First, before that question is answered, some basic premises must be remembered.
The principles outlined in the Declaration of Independence answer the questions of “why,” and “what” as far as governments are concerned. It outlines the reasons for having civil government at all. It asserts that the sole legitimate purpose of civil government is the protection of fundamental rights, and the enforcement of fundamental duties, both of which are inherent in man. Therefore, if we do not clearly understand the bounds of those rights and those rights’ corresponding duties, then we can, all too quickly, create a situation where our agents in government are acting contrary to their entire purpose. And if this ever becomes the case, the people have a right and duty to “alter or abolish” that government.
Therefore, if rights are unalienable to the individual, and legitimate government action would necessarily be derived from those rights, the before mentioned question becomes more easily identifiable: When is it moral and right for us as individuals to use force against our fellow-man? Once this question is answered, the answer to the question involving civil government should become extremely clear, due to the fact that legitimate government action must be in harmony with legitimate individual action. Such legitimate action is only in the defense of those rights, and thus, the enforcement of other people’s duties! It is in response to another person’s failure to live in harmony with their unalienable duties inherent in their personhood in a way that is harming another person. It is only force that is reactionary in the defense of one’s own rights. It is moral and right when it is strictly a defensive measure.

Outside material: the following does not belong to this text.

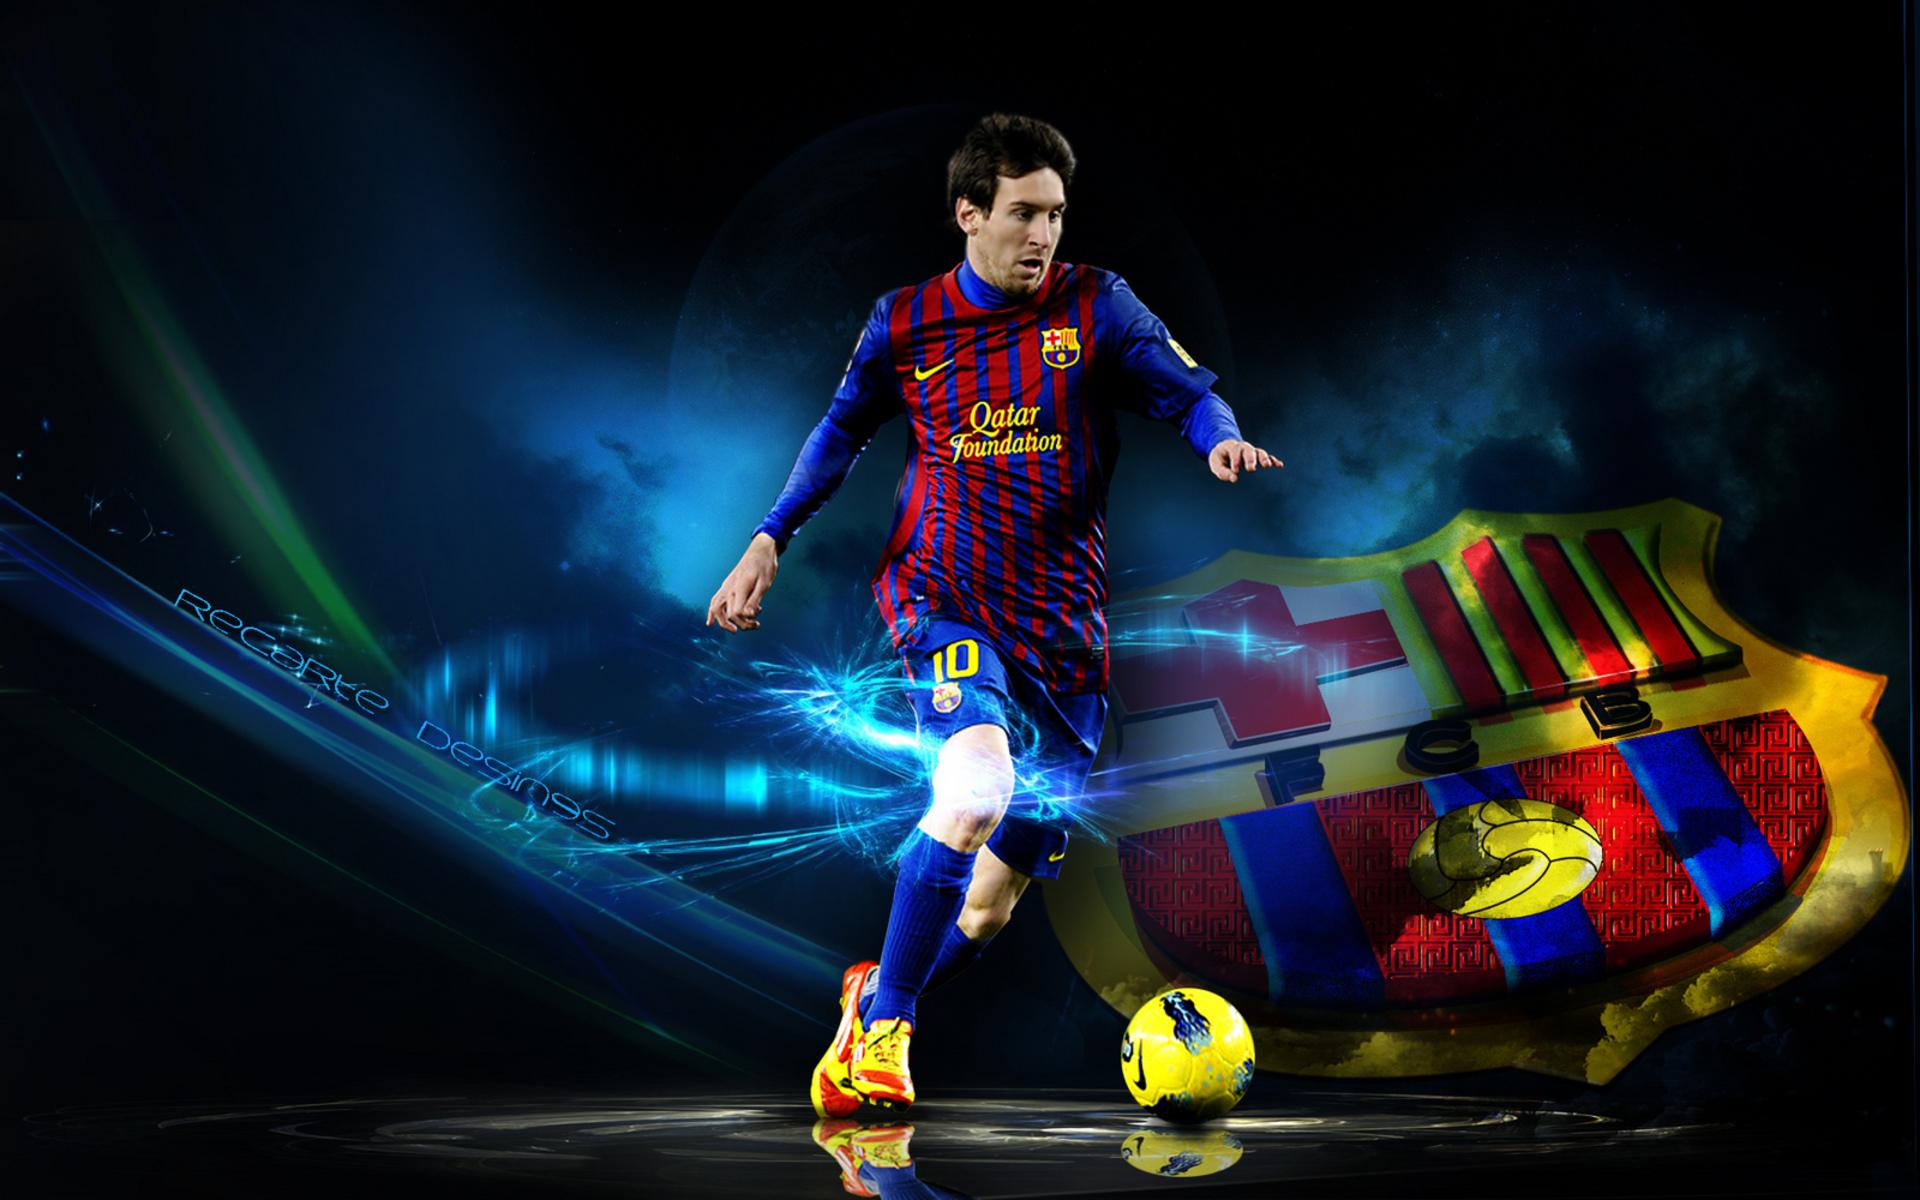 Download Football HD Wallpaper For Pc Gallery. Messi, Futebol

Thus, government force must be held to this principle. Government force should be married to the principle of only using its power in the defense of individual rights, and the enforcement of individual duties. This is especially true since representative government can’t possibly derive any legitimate authority outside of the individual rights/duties of the members of the society which it represents. Anything else could not be an exercise of authority, but merely an abuse of power.
A government in harmony with its entire purpose for existing would hold a defensive standard, and would be a government by restoration. It would be a limited government, which mechanism would only be used to aid in preventing injustice from reigning, instead of taking the presumptuous and active role of “promoting justice,” or even “supplying social justice.” Any government action contrary to this limited and defensive stance would be, at best, unnecessary, and at worst, an outright infringement on people’s rights. And once again, if that were the case, it would be a government which acts contrary to its entire purpose for existing.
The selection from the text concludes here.